→ Dataset extract:

··········

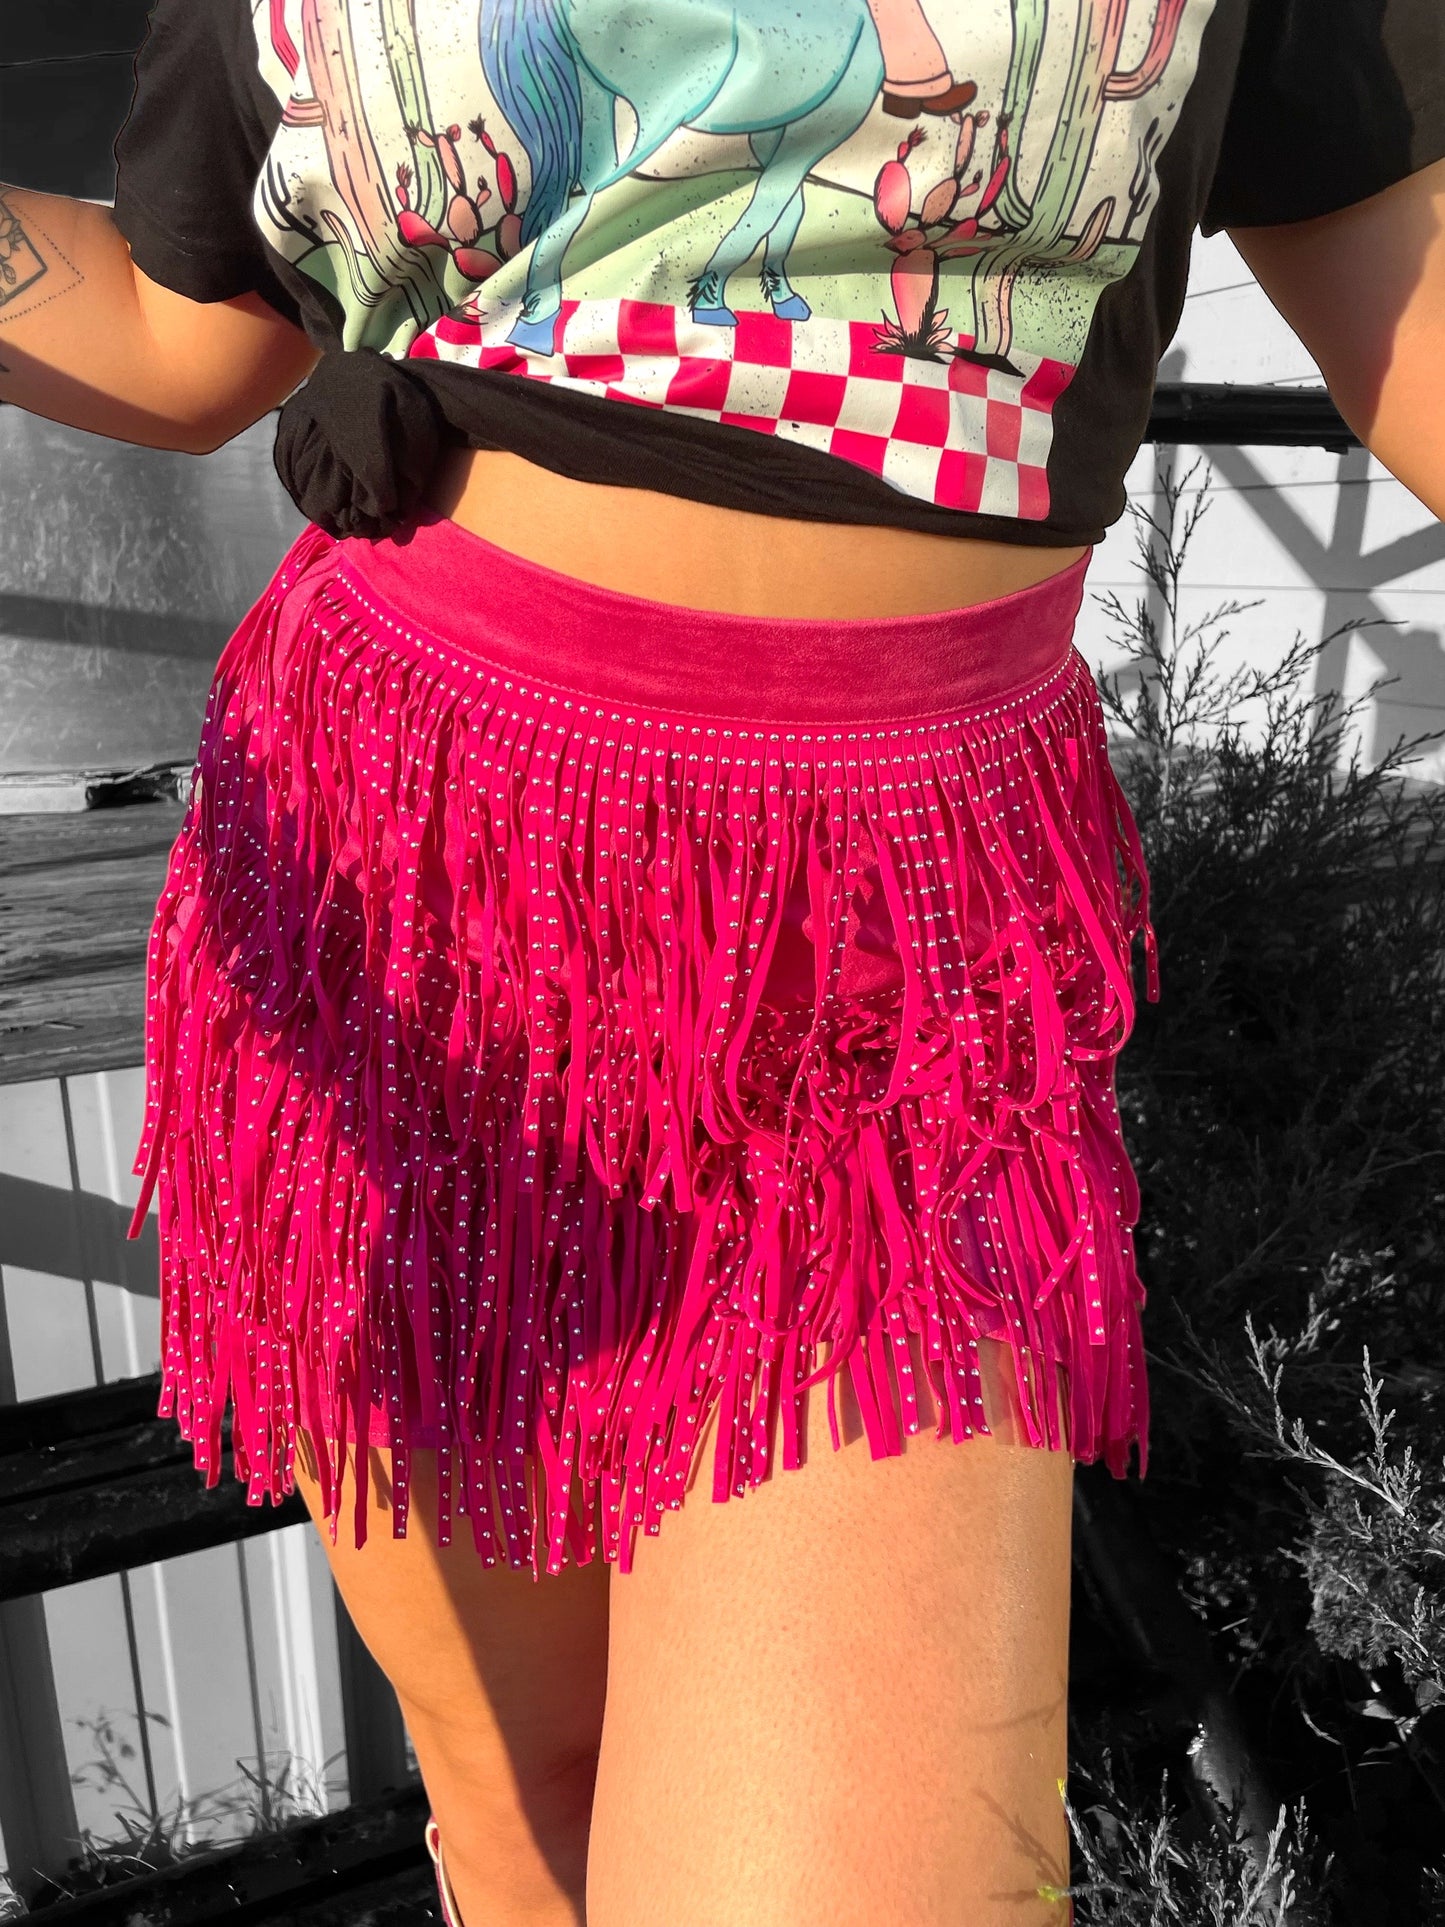 The “Pink Penelope” Skirt
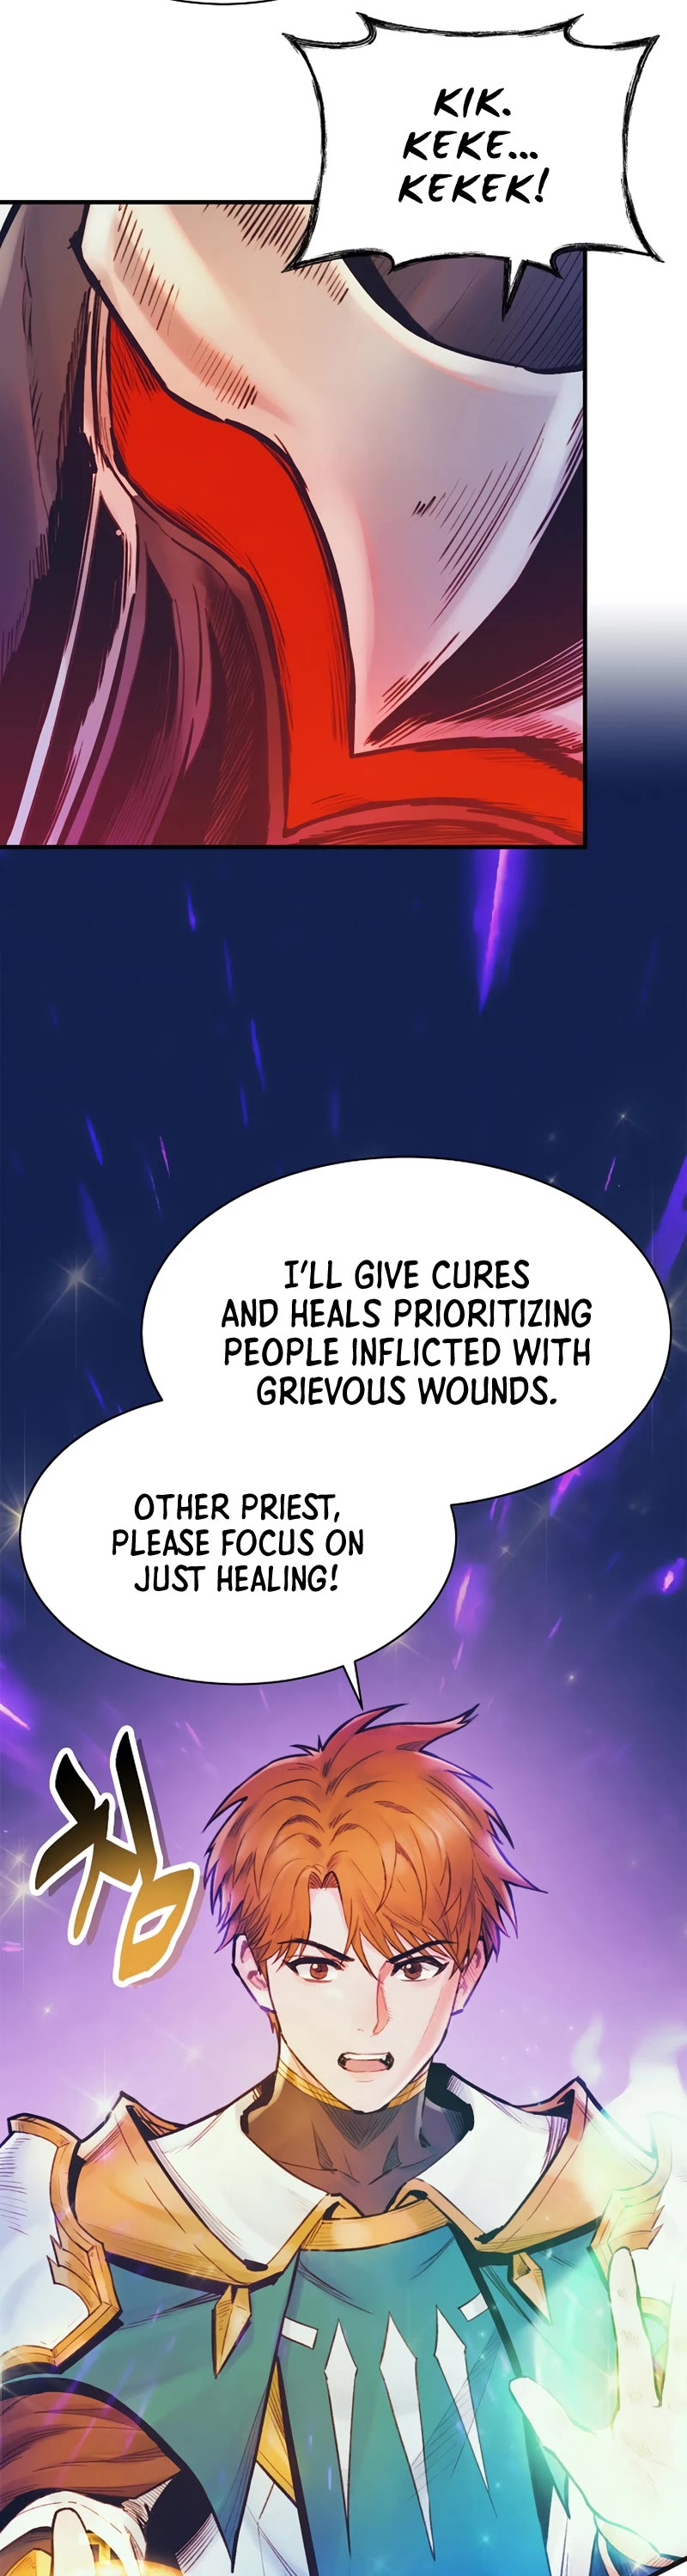 The Healing Priest Of The Sun - Page 3
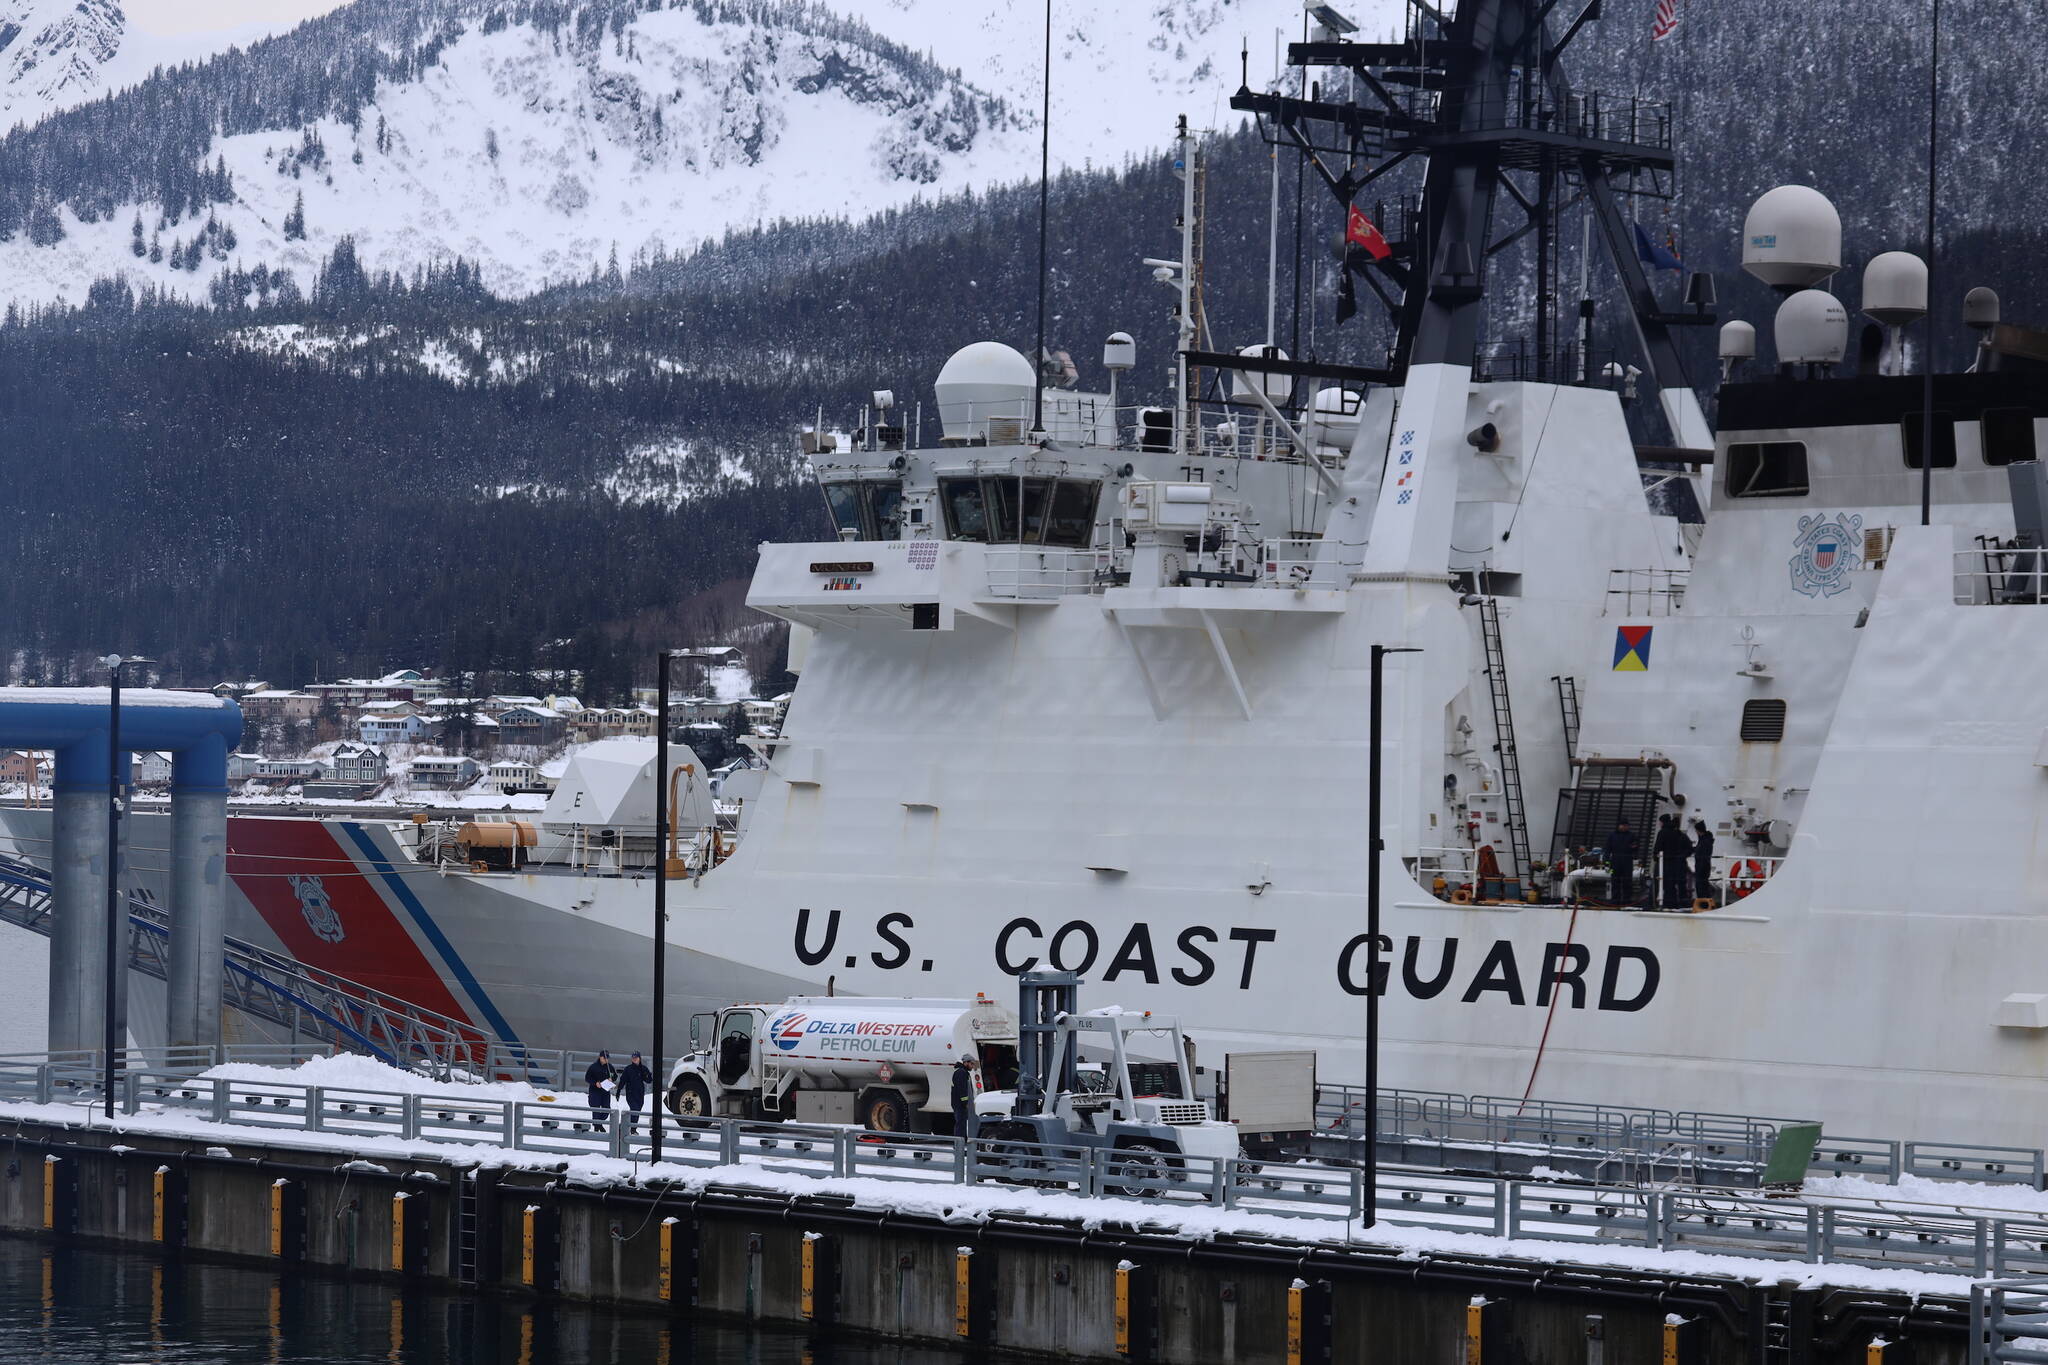 Clarise Larson / Juneau Empire 
Coast Guard Cutter Munro docks in Juneau for a scheduled port visit Monday. The port visit marks Munro’s final stop before returning to its homeport in Alameda, California after 11,500 miles and 105 days away from homeport.

··········

Leave out the pictures, and retype exactly the lines from the one containing "The Healing Priest Of The Sun - Page 3" through the final line of the data.

→ The answer:
 The Healing Priest Of The Sun - Page 3
 Clarise Larson / Juneau Empire 
Coast Guard Cutter Munro docks in Juneau for a scheduled port visit Monday. The port visit marks Munro’s final stop before returning to its homeport in Alameda, California after 11,500 miles and 105 days away from homeport.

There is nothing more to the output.